Ms Lynch from the Queensland Sexual Assault Network said sentences were too often downgraded because of guilty pleas and that offenders with no criminal history often used this fact to mitigate their sentences, reinforcing “community attitudes about who perpetuates sexual violence”.
“Many victims feel betrayed by the court,” Ms Lynch said, arguing that too much of a sentence reduction is given guilty pleas and “people are given reduced sentences because of their standing in the community and then go onto reoffend”.
“The problem is that the legal system is prefaced on notions of property. This means children are just not worth anything,” Mr Washbourne added.
Mr Washbourne said he knew of people who had child abuse material made of them.

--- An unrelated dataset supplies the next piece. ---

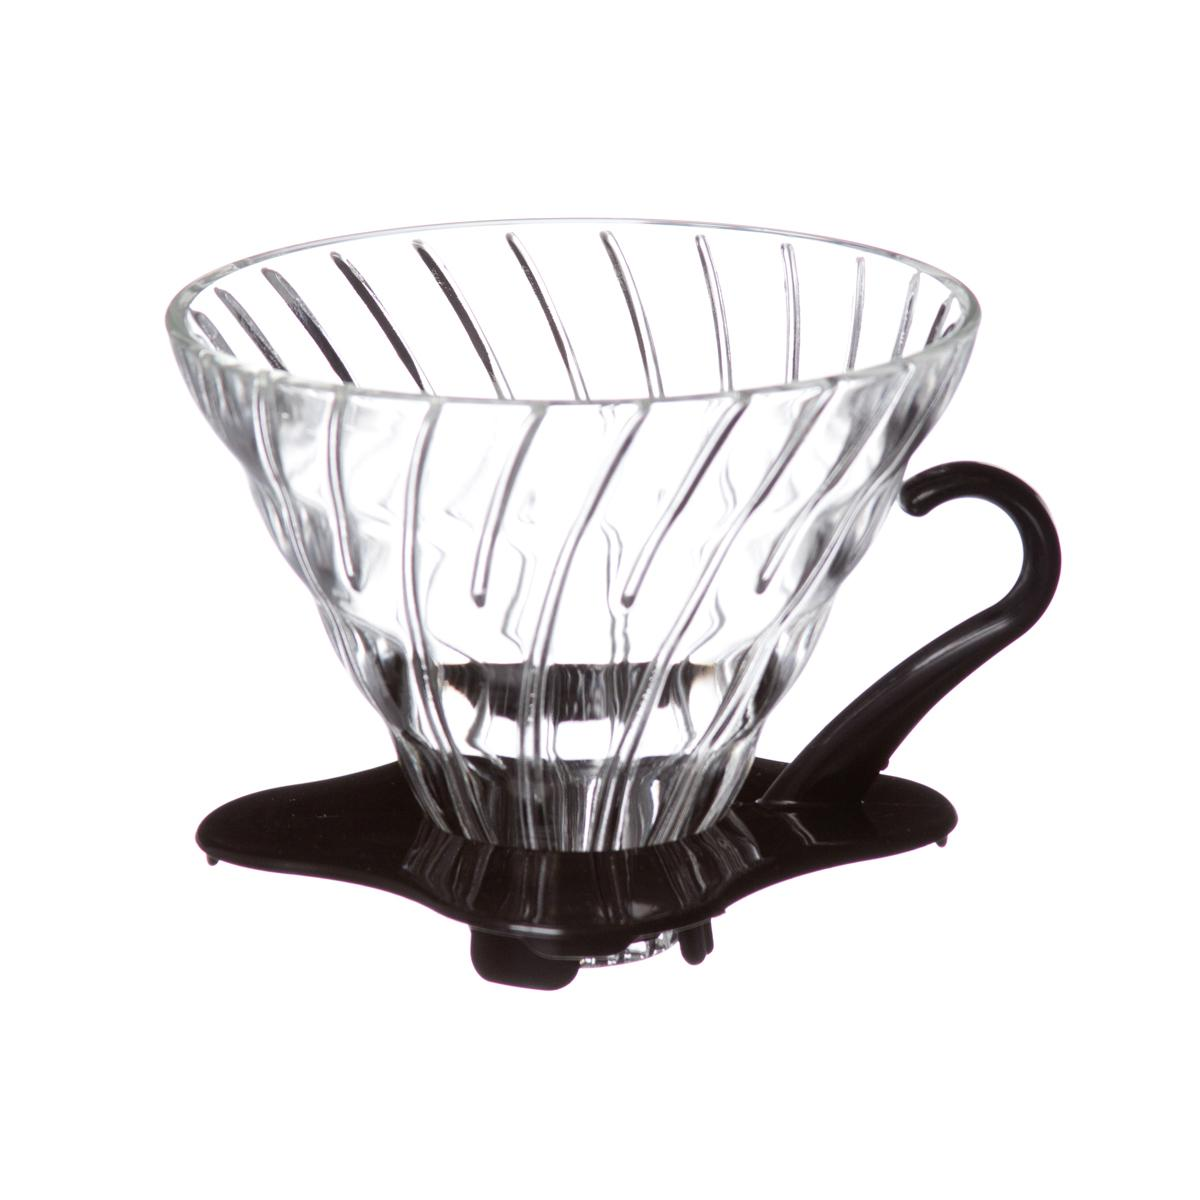 Hario V60 Glass Dripper ถ้วยแก้วใส สำหรับ ดริปกาแฟ ขนาด 01

“One woman I know can’t walk down the street. All it takes is for a guy to look at her sideways down the street, and she starts to think, ‘Have they seen it? Do they know?’ Survivors of abuse material are always looking over their shoulder, he said.
“Sex offenders need to spend a lot of time behind bars,” Mr Washbourne said.
“They are destroying the innocence of the most vulnerable members of society.”
Scott Osborne, Principal Lawyer with Osborne Butler in Cairns said: “The maximum sentences available for serious sexual offending against a child (particularly a child under 12) are significant. And rightly so.”
But he cautioned against simplistic analysis of sentence lengths.
“Looking at historic sentencing statistics that relates purely at the length of prison terms imposed can be misleading as other orders are often made simultaneously that include punitive and rehabilitative orders such as a probation order which can have a three year duration. This is particularly applicable when suspended sentences are imposed”.
He said sentencing was “subjective”.
Attorney-General and Minister for Justice and Minister for the Prevention of Domestic and Family Violence; Yvette D’Ath told the Cairns Post that “I personally find child sex offenders to be abhorrent and disgusting”.
“It is vitally important victims have confidence in our judicial system and that sentencing reflects community expectations”.
She said the state had recently toughened-up its sex offender laws.
“How well those laws are working is important to analyse,” she said.
“That’s why the Queensland Sentencing Advisory Council is also currently reviewing sentencing practices for sexual assault and rape offences. I look forward to reading and considering QSAC’s findings when the report is finalised next year.”